Попов молодчина, наш хороший Попов! Он, пожалуй, единственный тут, кому чужды и страх, и волнение. Он не спешит, не дрожит, теперь он ничего на свете не знает, кроме танка.

"Гах! Гах!" — дергается пушечка.

"Так, держись, Лозняк! Кажется, наступает твои час, — говорю я себе. — Ну, идите же, гады, идите! Ближе! Еще ближе!"

Да, они идут. Уже перешли траншеи пехоты... Но что это? В сплошном грохоте с бессильной яростью снова кричит Желтых:

— Не берет! Дьявол им в глотку! Бей по гусеницам, по гусеницам огонь!

Не берет. Я тоже чувствую это.

"Гах!" — подпрыгивает пушечка, стремительная искорка трассера гибкой стрелой мелькает вдали, бьет в башню танка и отскакивает в сторону. Не берет! Немцы, видно, пустили на нас тяжелые танки. Может, это их "тигры"?

Пехота наша рассеяна, вслед за танками идут немцы. Наши уходят. Недалеко от огневой, низко пригнувшись к земле, обессиленно бредет сержант с потным красным лицом. Одной рукой он тащит пулемет, другая, будто палка, свисает до самой земли. За ним, то и дело оглядываясь, бежит невысокий боец с патронными ящиками в руках. Кажется, это тот наш ночной знакомый с термосом.

— Стойте! — кричит им Желтых. — Стой, куда удираешь, сволочь! Расстреляю! Стой!

Сержант кричит что-то в ответ, но нам ничего не слышно, тогда он, присев, тычет рукой в сторону дороги. Желтых оглядывается, приседает от неожиданности и ругает уже неизвестно кого.

— Станины влево! — командует он.

Танки прорвались, обходят и быстро несутся вдоль дороги к деревне, в наш тыл...

Мы заносим станины в сторону. Попов обеими руками подкручивает маховики наводки. "Гах! Гах!" — гремят частые наши выстрелы, и коротко позванивают под ногами пустые гильзы. Хлопцы притихли, прижались к земле. Это плохо! "Держись! Как-нибудь держись, — заставляю я себя. — У тебя нет права бояться, трусить. У тебя один выход — драться!"

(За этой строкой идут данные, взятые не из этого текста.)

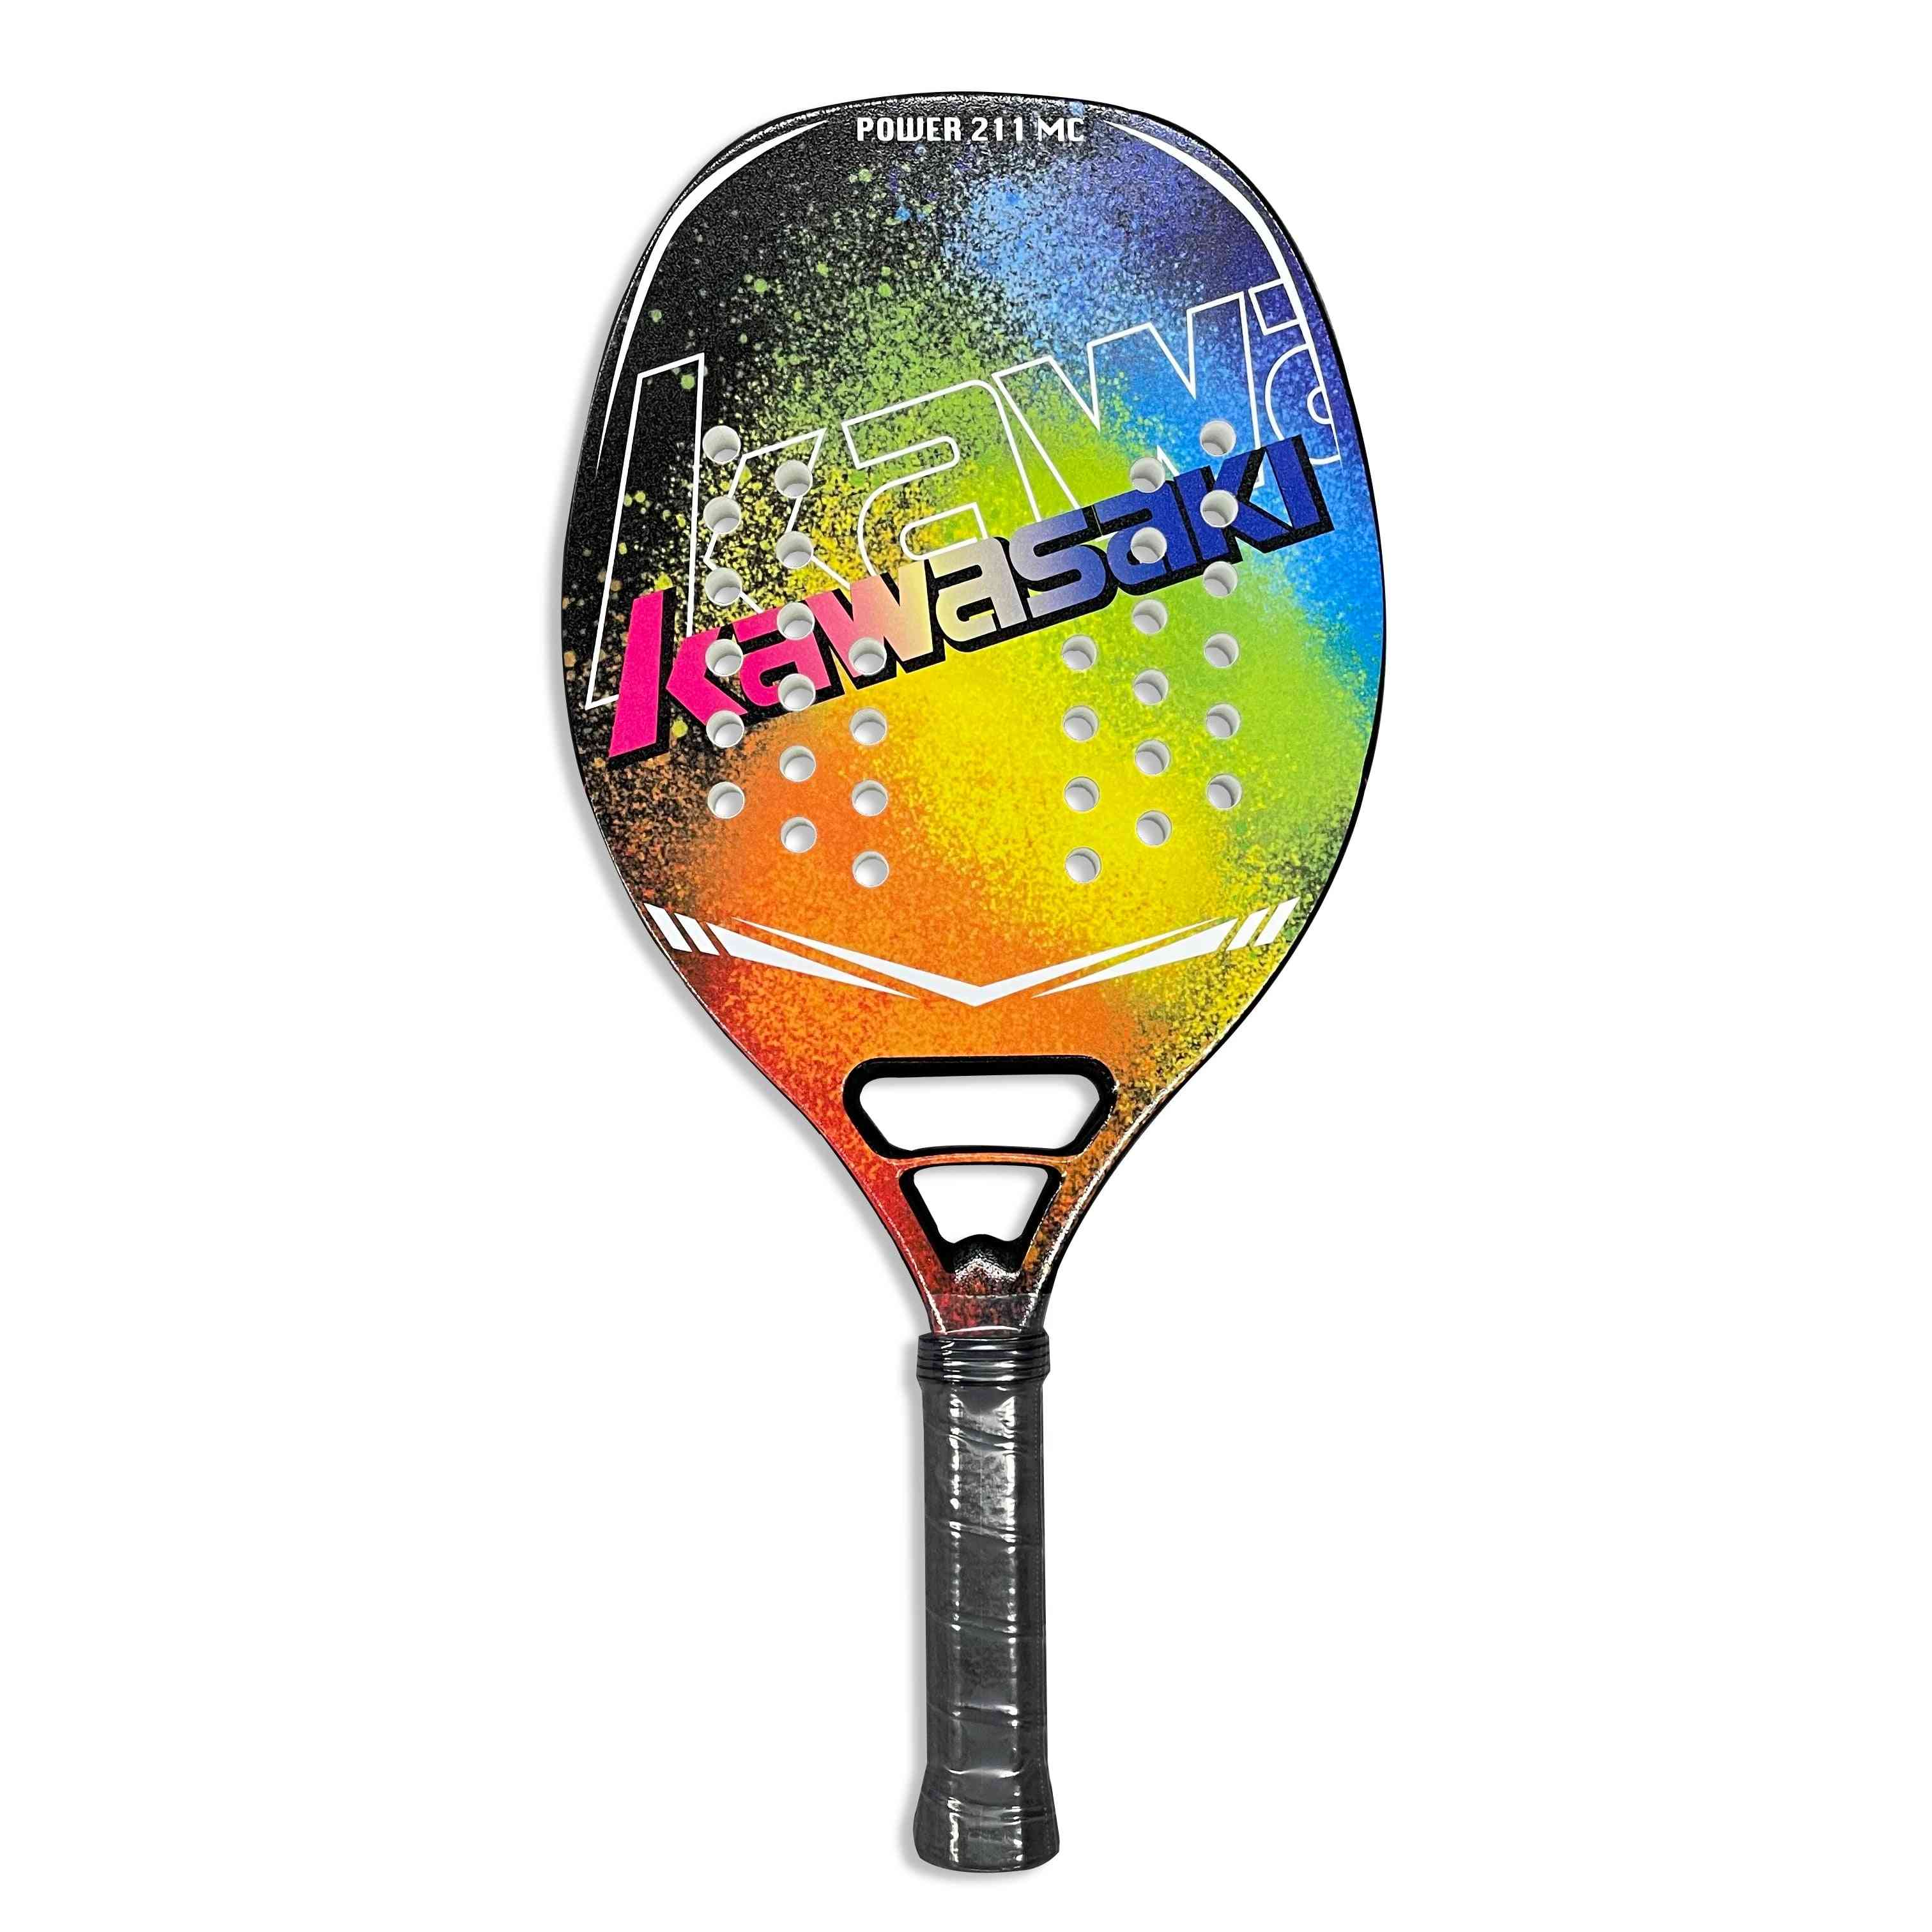 Beach Tennis Racket Carbon And Glass Fiber Soft Face Tennis Racquet

— Ага! — наконец злорадно вскрикивает Желтых. — Один есть! Огонь! Попов! Огонь!

Не выдержав, я выглядываю из-за щита, и мгновенная радость охватывает меня. Вот стоит он, уронив ствол орудия, в борту торчит откинутая крышка люка. Рядом останавливается второй. Он чуть медлит, потом поворачивается в нашу сторону, и я понимаю — заметил! "Заметил, теперь достанется!" — мелькает в сознании, и сразу же перед огневой сверкает черная молния. Пыль и смрад накрывают огневую. Тотчас раздается встревоженный крик Попова:

— Кукуруз!.. Командир, кукуруз!..

Танк за кукурузной кучей, она мешает стрелять. Надо разбросать ее, но тут снова удар... Тугая пробка забивает уши... Легкие задыхаются от тротиловой горечи и пыльного удушья.

— Так. Ничего, — глухо успокаивает кого-то командир.

Чувство реальности обострено. Внимание предельное. Мысль работает быстро и четко. Я понимаю, что надо бежать навстречу танку, но неподвластная мне тяжесть свинцом наливает ноги. Ненавидя себя, я медленно приподнимаюсь из-за щита, а танк, крутнувшись на одной гусенице, сворачивает с дороги и вдруг направляется сюда, покачивая перед собой длиннющим хоботом пушки. Сейчас она снова выстрелит... Сейчас! Сейчас! Во мне все напрягается — переждать выстрел, затем... Но в это время сзади раздается команда!

— Лукьянов, убрать!

Лукьянов! Сразу спадает напряжение. Пойдет Лукьянов. Конечно, командиру лучше видно, кого выбрать. Назад ему уже возврата не будет.

Вобрав голову в плечи, я жду. Лукьянов в расстегнутой шинели встает из-за ящиков, почему-то оглядывается. В его глазах такая тоска, что кажется, струсит, откажется. Но он не отказывается, только несколько медлит, а потом влезает на бруствер и, пригнувшись, расслабленно бежит к куче. Там он хватает с земли охапку, затем вторую, разбрасывает кукурузу в стороны. Куча уменьшается, но танк — вот он, рядом!..

И тут — трах!

Пыль, песок бьют в глаза, в ушах звон, острая короткая боль...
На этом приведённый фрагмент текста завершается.